Seventh Avenue North During the segregation era this area housed many businesses catering specifically to African Americans, including the Queen City Hotel. Hotel founder Robert Walker (c. 1848-1931) had worked previously as a cook and as a “drayman” and “hackman” (horse-and-wagon or -buggy operator), according to census records. The first Columbus City Directory (1912) lists Walker running a boarding house at 1504 7th Avenue North, and by the 1920s the structure was listed as the Queen City Hotel.
In the late ’40s Ed Bush (1908-1982) bought the property from Walker’s estate, tore down the original wooden building, and built a two-story brick hotel. As a young man Bush had worked as a bellboy at the downtown Gilmer Hotel, and with the financial assistance of Gilmer owner J. W. Slaughter he opened businesses including a café, pool hall, dry goods store, barbershop and dry cleaners on Catfish Alley (South 4th Street). The New Queen City Hotel officially opened in 1948.

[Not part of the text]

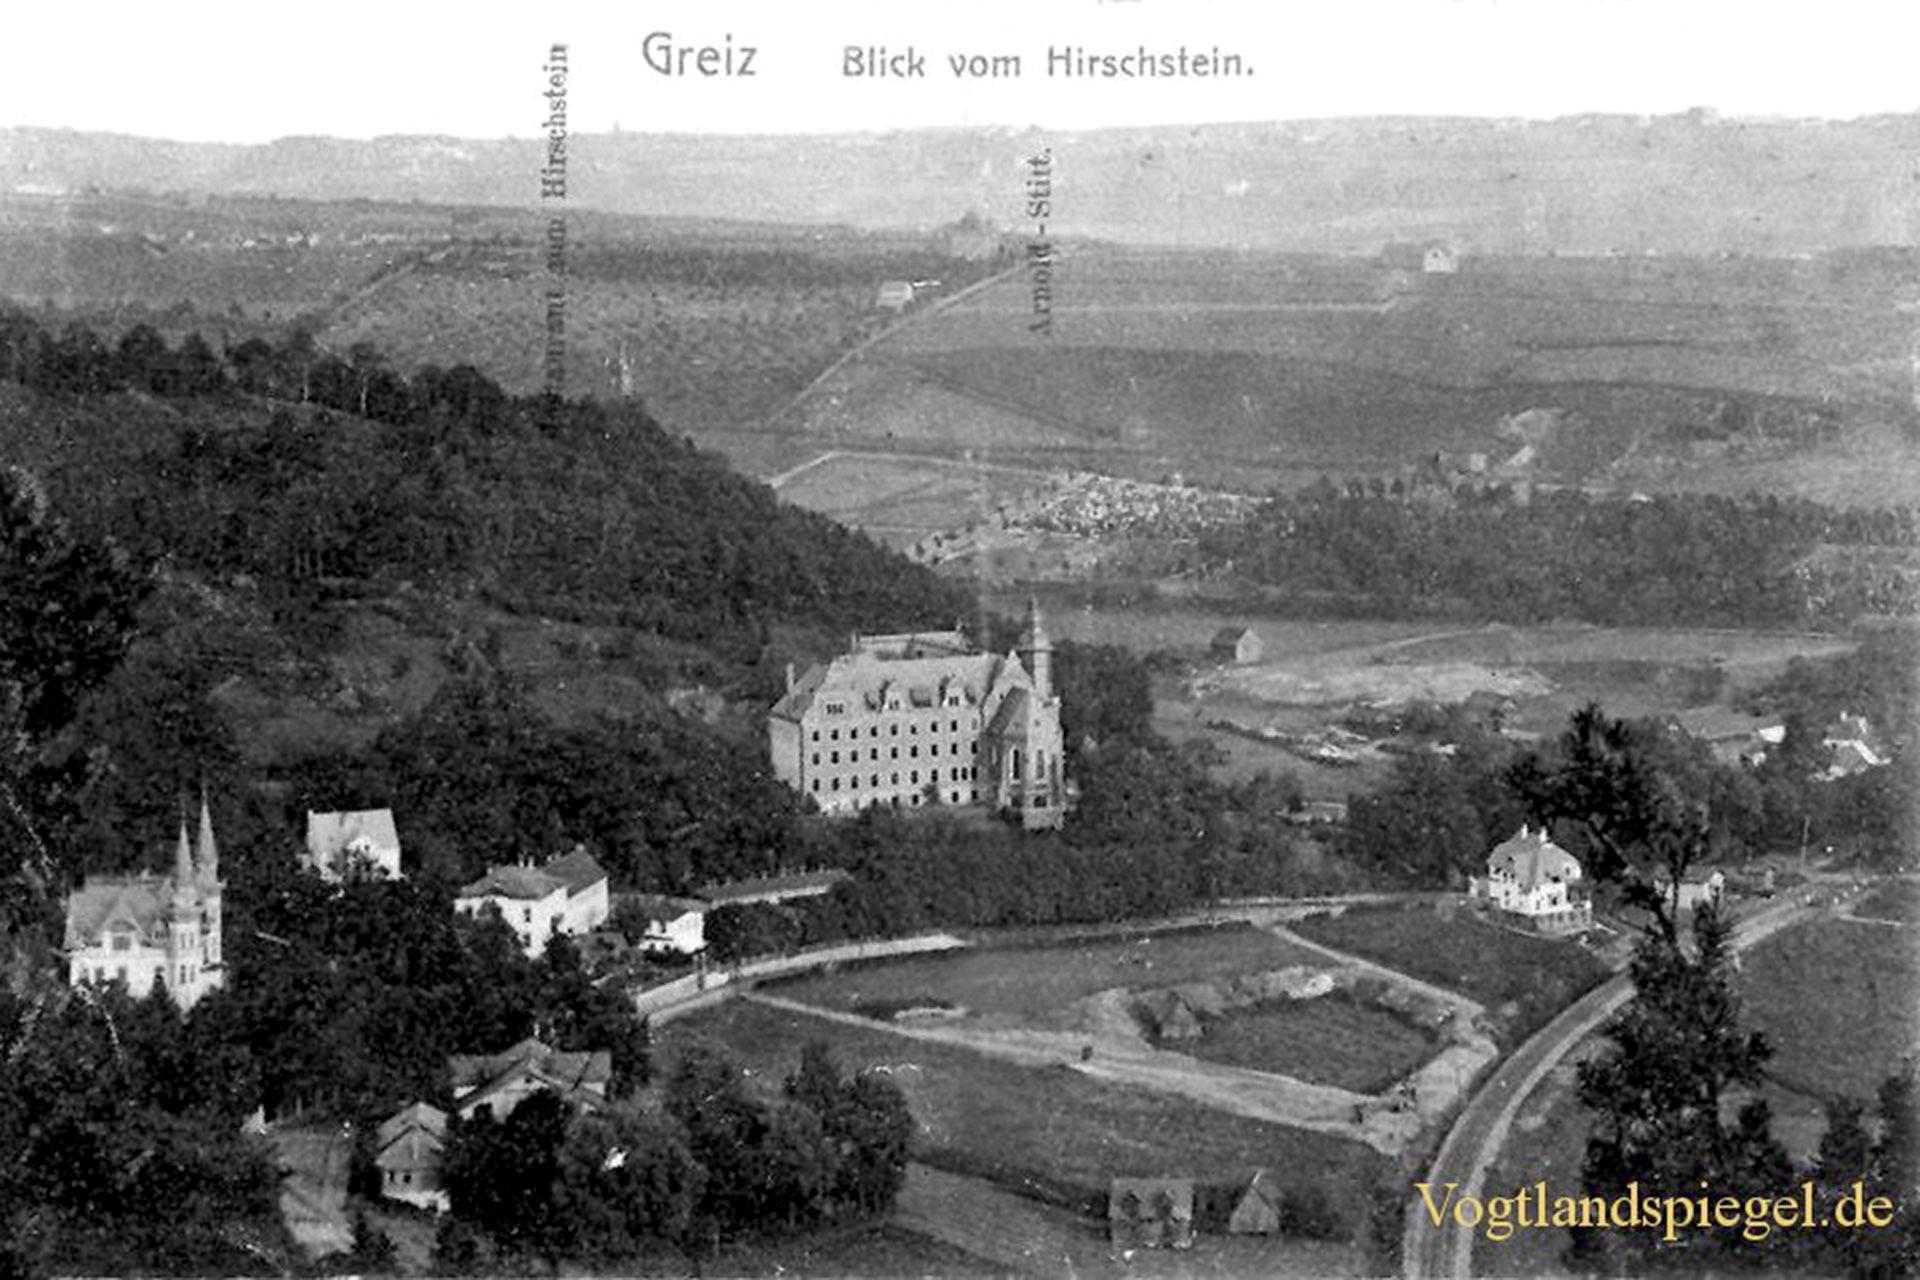 Der Hirschstein

The Queen City Hotel anchored the Seventh Avenue North district, known locally as “down on the block,” which stretched from 13th to 20th streets and fanned out several blocks in each direction. Locals have recalled nationally prominent musicians including Bobby “Blue” Bland, Little Richard, Little Willie John, Earl “Fatha” Hines, Louis Armstrong, Fletcher Henderson, and Pearl Bailey performing at the Blue Room, operated by Billups Evans at 906 14th Street, and the Savoy, owned by Jim Sykes, at the intersection of Seventh Avenue North and 19th Street. Ed Bush was a member of the leading local jazz and blues band, the Rhythm Kings, which played at venues including the Queen City’s ballroom and also toured regionally to Starkville, Aberdeen, West Point and Okolona. Other local gathering places for dancing or listening to music included the Elks Club, the Deluxe Café, Richardson Café, the Cozy Corner, the Tic Toc 1 and Tic Toc 2, and the Red Rooster, and, in later years, the Flamingo Lounge, Ladies Inn, the Cotton Club, and the Crystal Room.

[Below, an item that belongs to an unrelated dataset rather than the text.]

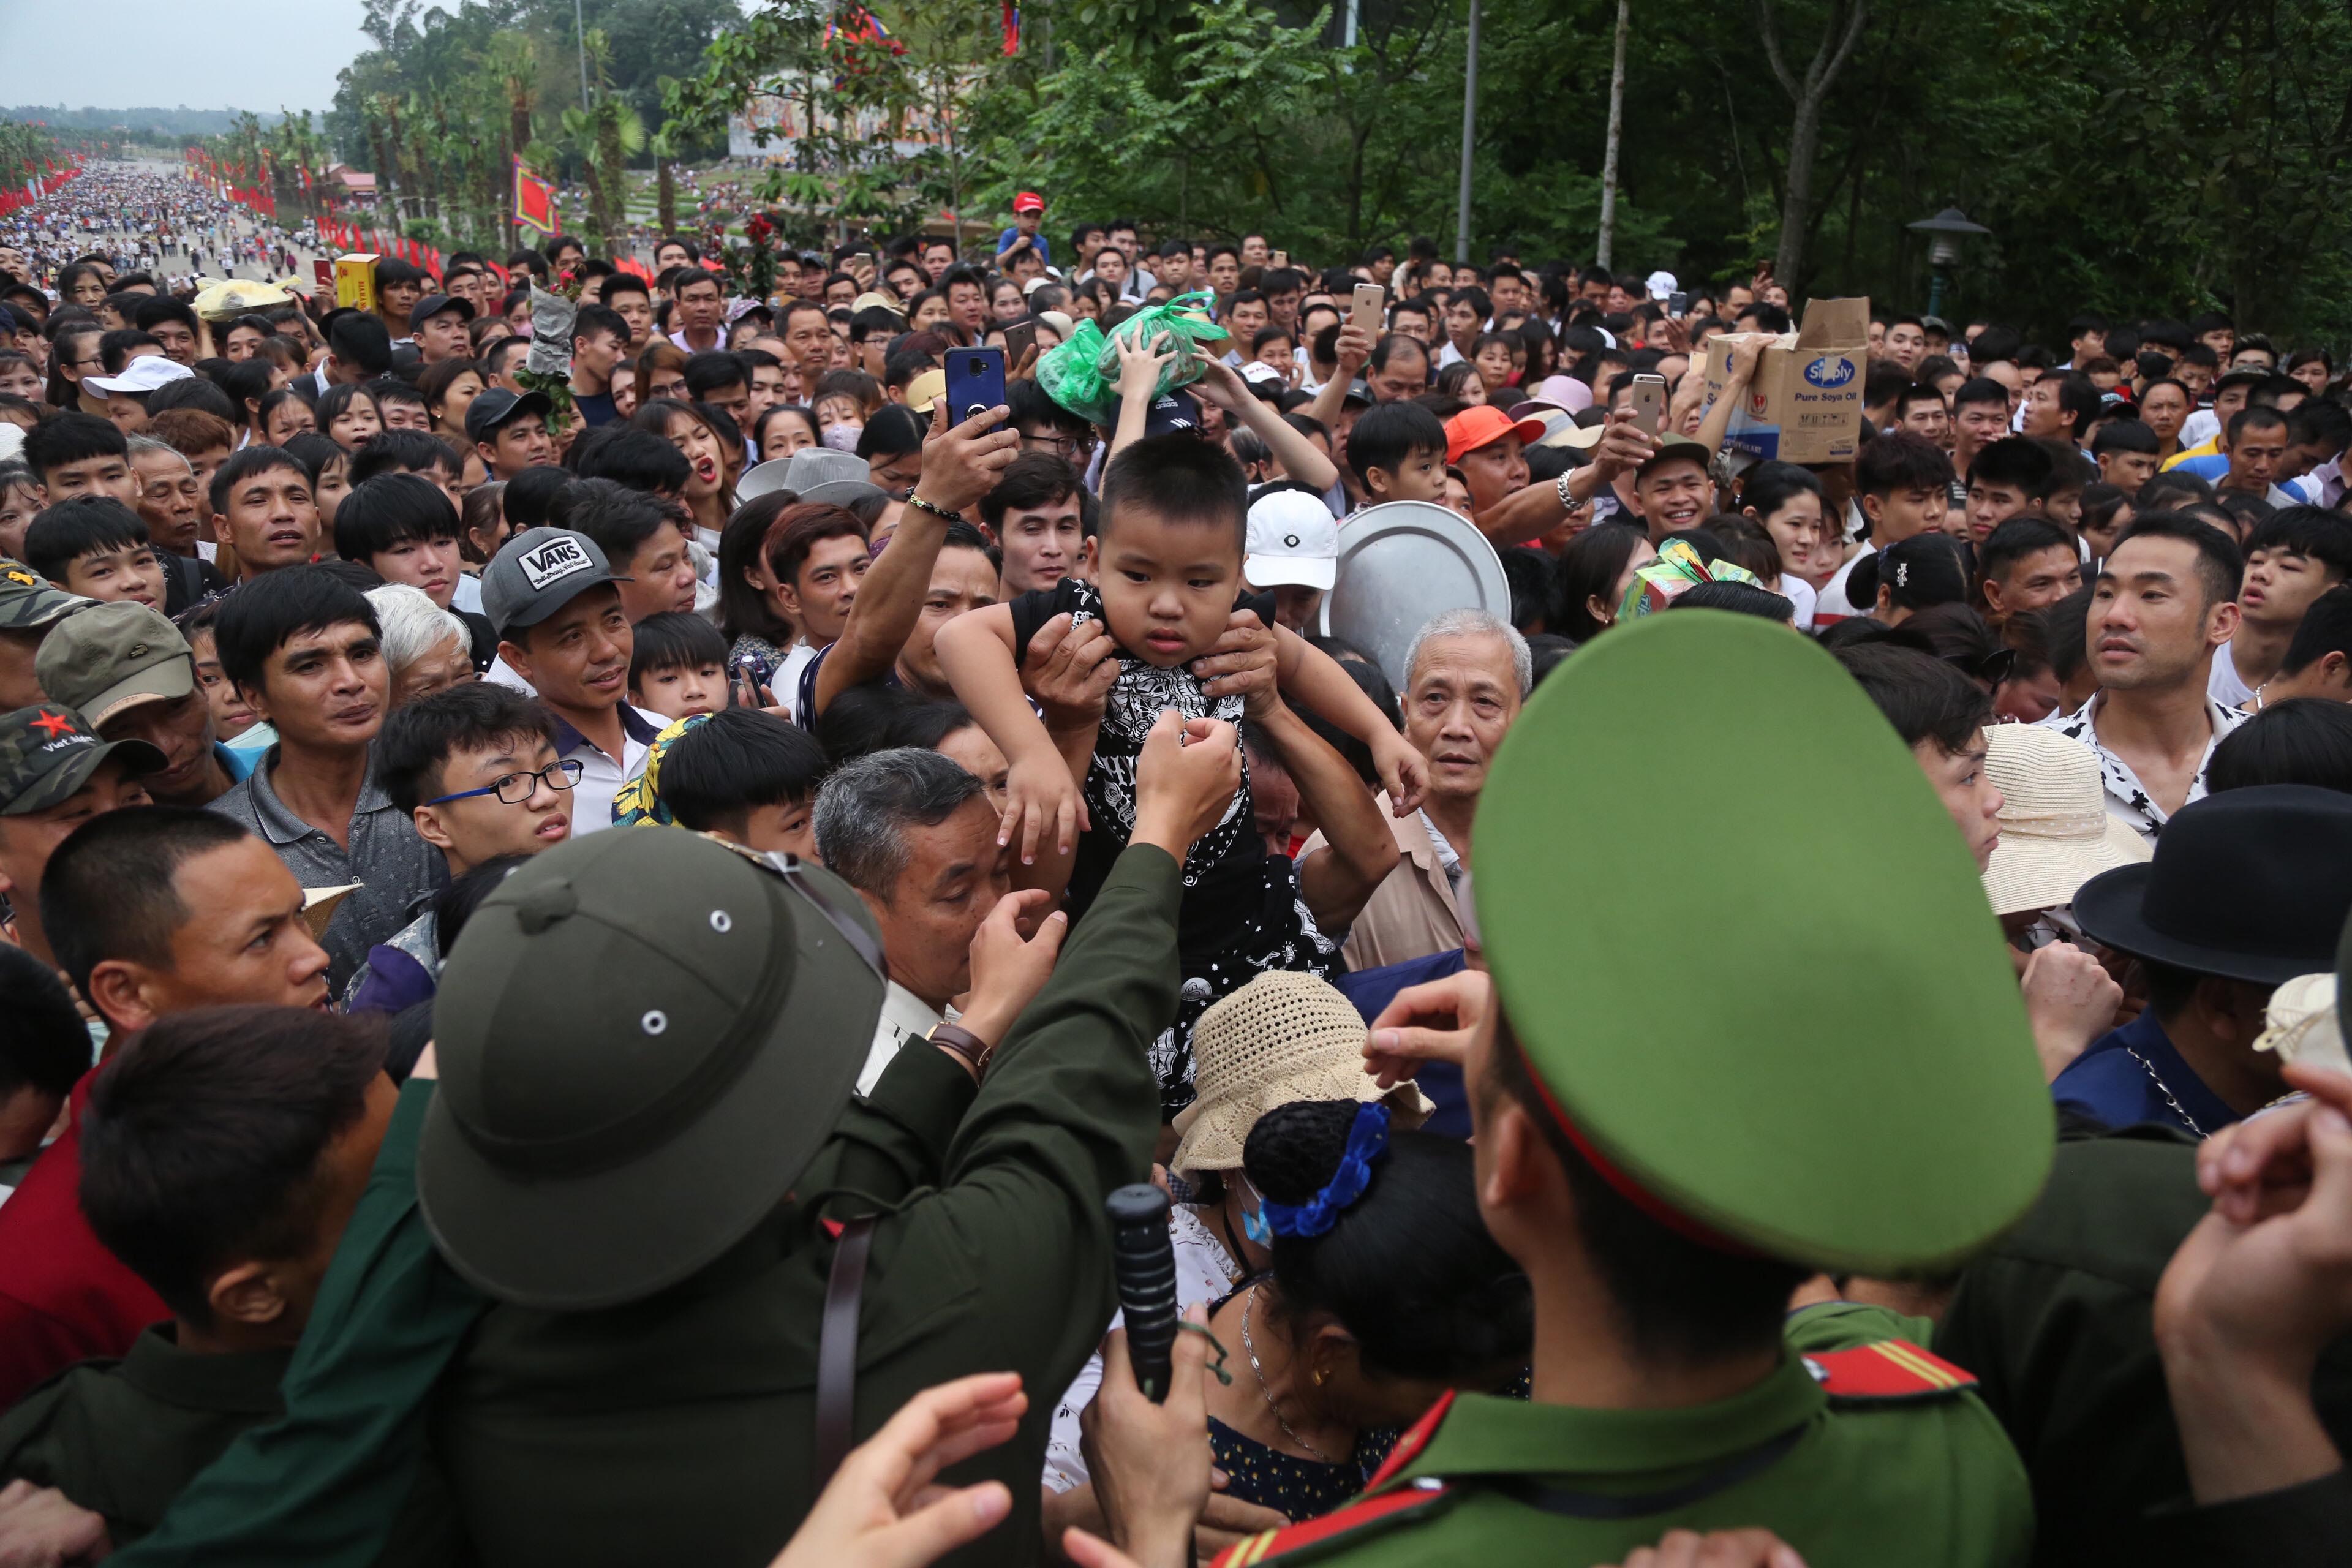 Nhiều trẻ nhỏ hoảng sợ vì lạc bố mẹ tại lễ hội Đền Hùng - Ảnh 1

Seventh Avenue North was one of many African American business districts across the nation that ironically declined after the end of official segregation. In 1996 the Weatherspoon family bought the vacant Queen City Hotel, but despite a campaign to preserve the building, it was demolished in 2007. An informal festival celebrating the neighborhood’s cultural legacy began in early 1980s, and by 2010 the Seventh Avenue Heritage Festival was drawing over 10,000 visitors.